Enrique Rúspoli, autor de “Godoy, la lealtad de un gobernante ilustrado”, repara en un detalle que escandalizó a Jovellanos al poco de entrar en el Gobierno.

Enrique Rúspoli: Cuando le nombra en el año ’97, llega a Madrid y le dice que vaya a comer a su casa. Y se encuentra a la derecha de Godoy a la condesa de Chinchón y a la izquierda a Pepita Tudó… Había pasado muy poco, unos meses desde el matrimonio. La imagen que tenemos de Jovellanos es prácticamente intocable, no hay una mancha en él y, en cambio, la imagen que se tiene de Godoy es que todo son manchas. Yo no voy a hacer ahora un reparto. Jovellanos tenía un prestigio enorme y, precisamente dado el prestigio que tenía Jovellanos, Godoy lo atrae al ministerio. Luego parece que cuando ya tiene el poder pues… no fue muy leal con el que le había nombrado. No solo parece, es así por muchas expresiones y muchos escritos que tenemos de él. Al cesar de su primer mandato Godoy pues los que intervienen fundamentalmente para su cese son Jovellanos y Saavedra, los que él había nombrado.

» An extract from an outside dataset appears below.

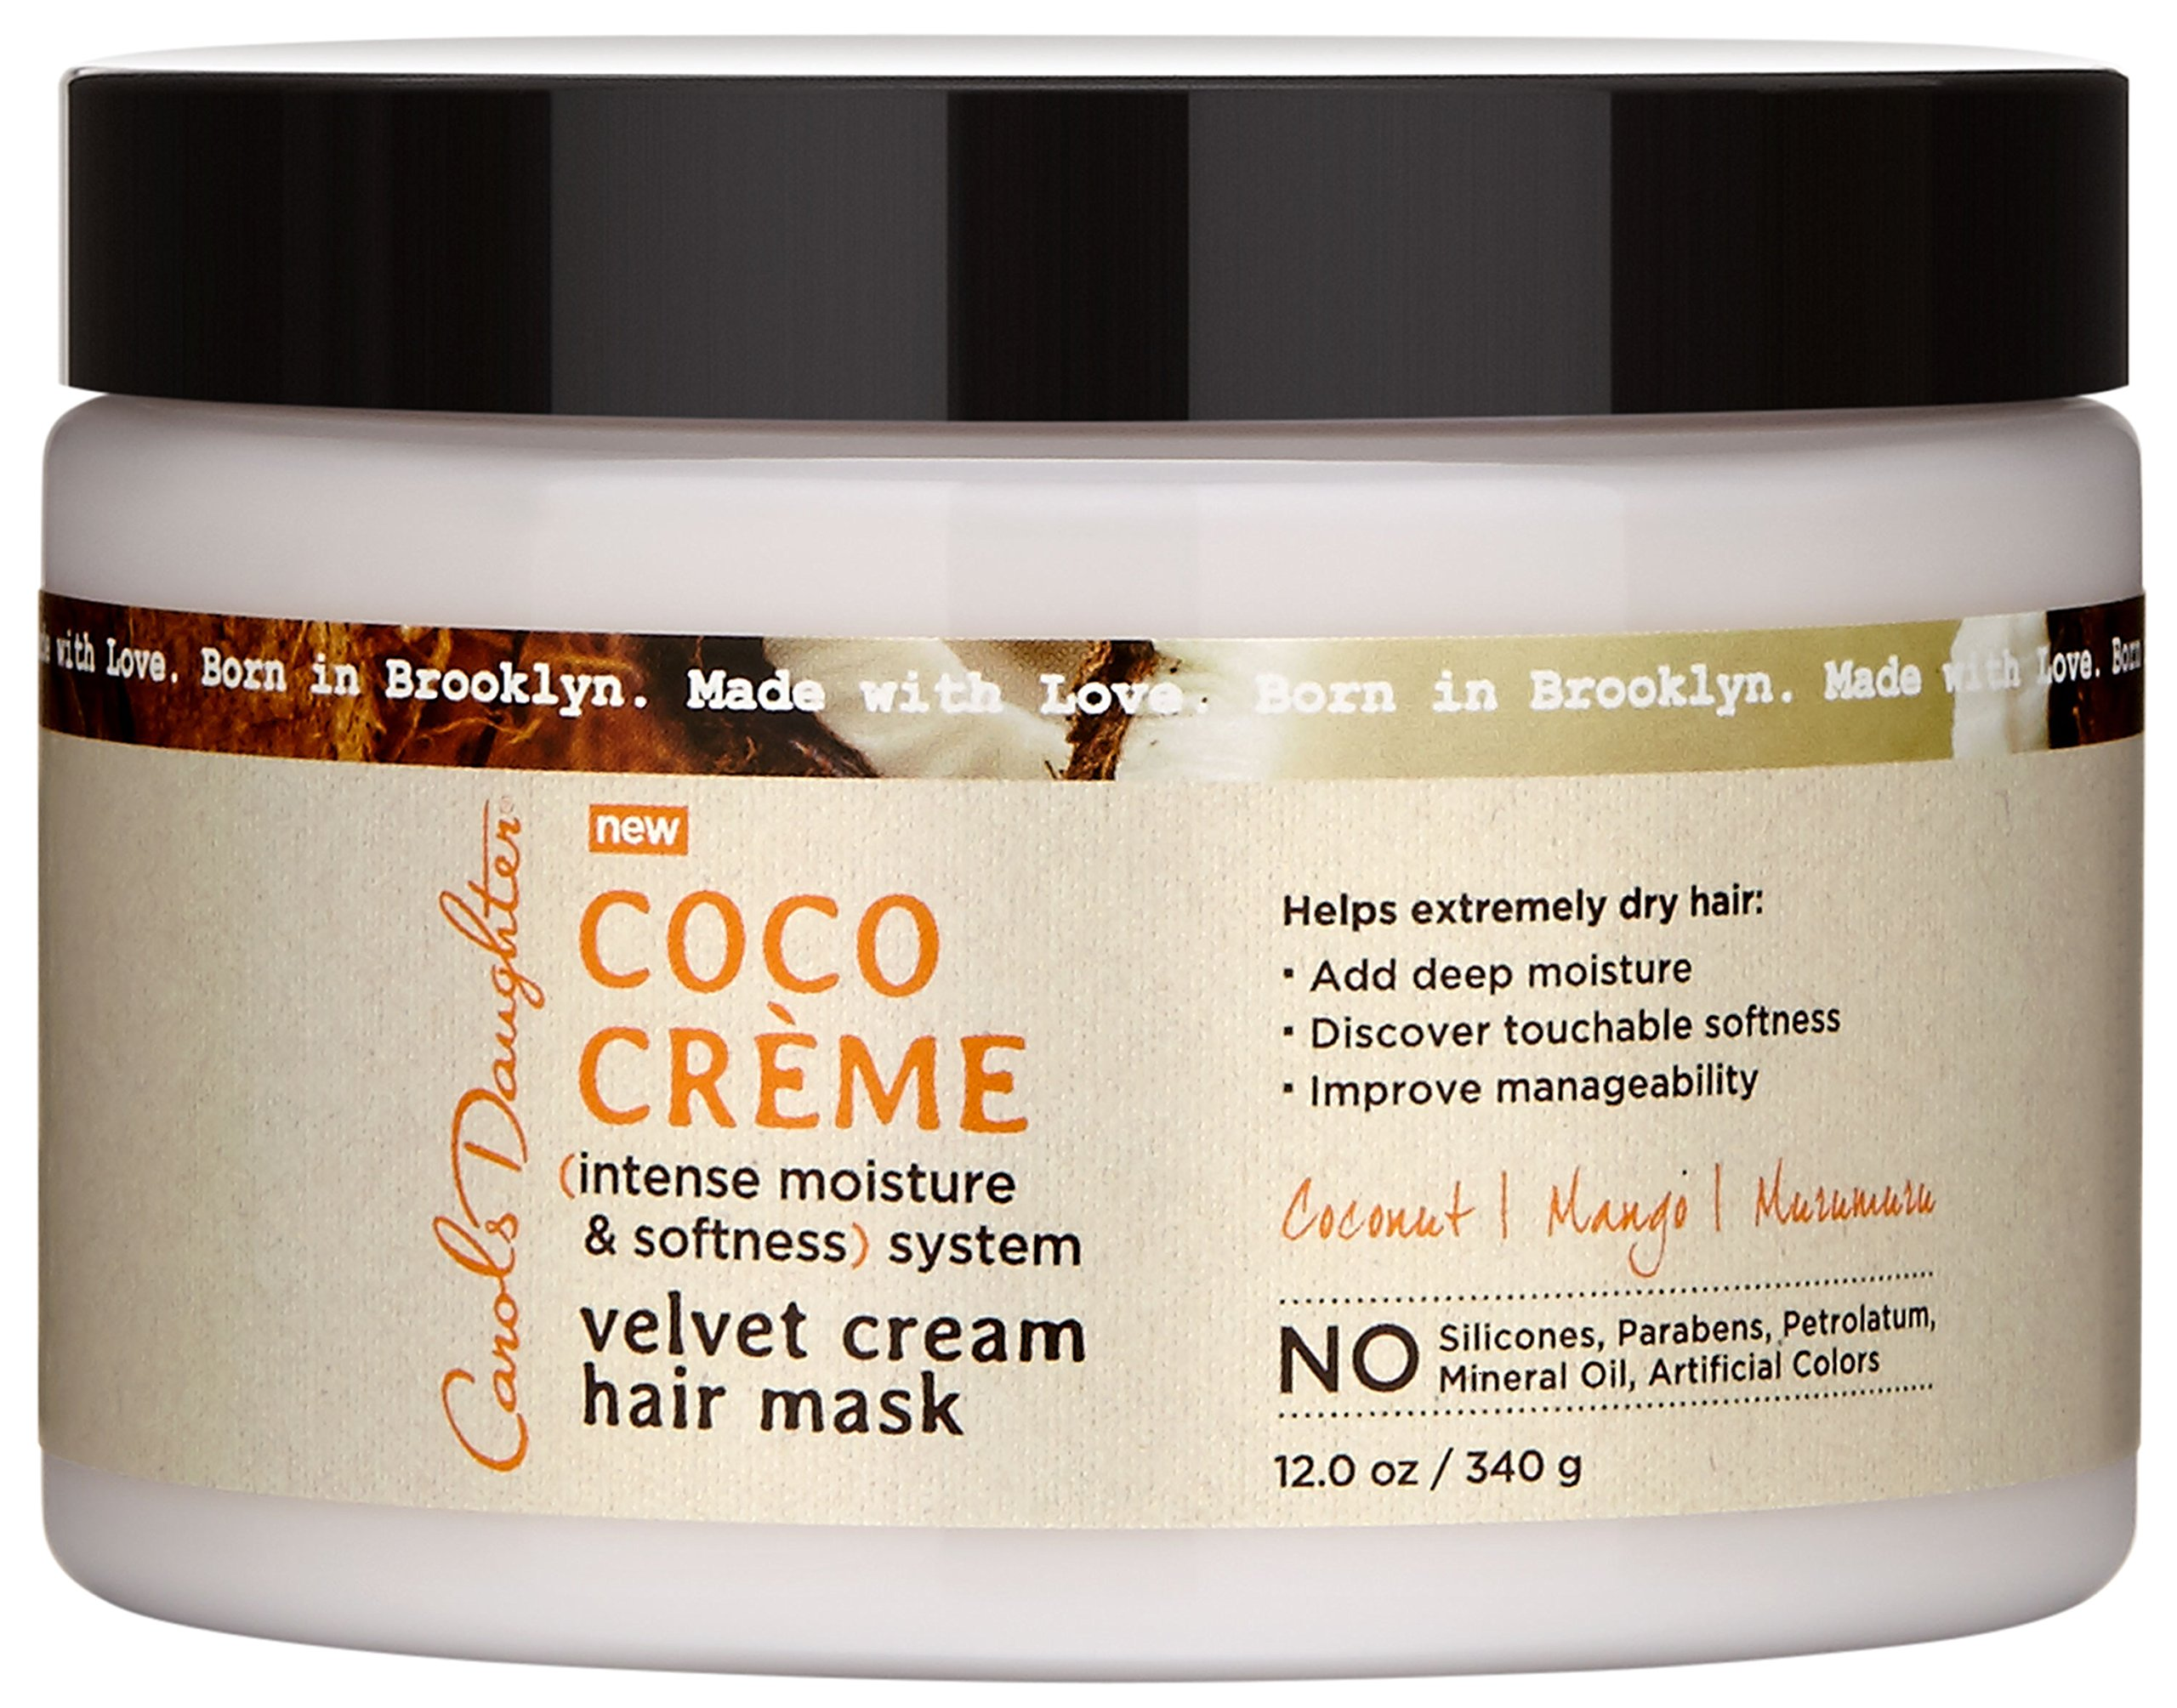 Carols Daughter Coco Creme Velvet Cream Hair Mask, 12 Ounce

Emilio La Parra: Jovellanos… Este sí que tenía una formación universitaria alta, es un hombre muy bien relacionado con el exterior, conocedor de por dónde iban las ideas de su tiempo pero… es un hombre con un punto conservador muy acusado. Y este Jovellanos conservador no podía aceptar determinadas actuaciones y determinados pasos adelante que daba Godoy y que a él le resultaban completamente chocantes. Esto por una parte, y por otra parte un concepto de la moralidad y de la religiosidad que Godoy no compartía y que sin embargo Jovellanos podíamos decir que era un beato por más que fuera partidario de la reforma de la Iglesia, que sería otra cosa.

Godoy, que pondrá en marcha una desamortización previo acuerdo con el Papa, es denunciado ante la Inquisición por vida licenciosa. Saldrá absuelto. Pero no evita que los obispos se rasguen las vestiduras con su Real Cédula de Expósitos del año 1794 que busca una vida honorable para los niños abandonados en los hospicios.

Emilio La Parra: Es una ley, desde el punto de vista social, extraordinaria que vendría a ser el principio de igualdad por el nacimiento que hubo después en la Constitución de Cádiz (donde) se proclama… Pues eso Godoy lo plantea. Encima a los obispos les dice: “Oiga, miren ustedes. Ustedes tienen que procurar que los párrocos esto lo difundan entre todos los españoles.” Claro, esto era un paso extraordinario, valentísimo y osado. Y efectivamente el alto clero le dijo: “Mire usted, no. Eso no porque previamente hay un pecado, el pecado de la concepción de estos individuos, y nosotros no podemos aceptar eso.” Este es el problema que se encuentra Godoy en muchas ocasiones.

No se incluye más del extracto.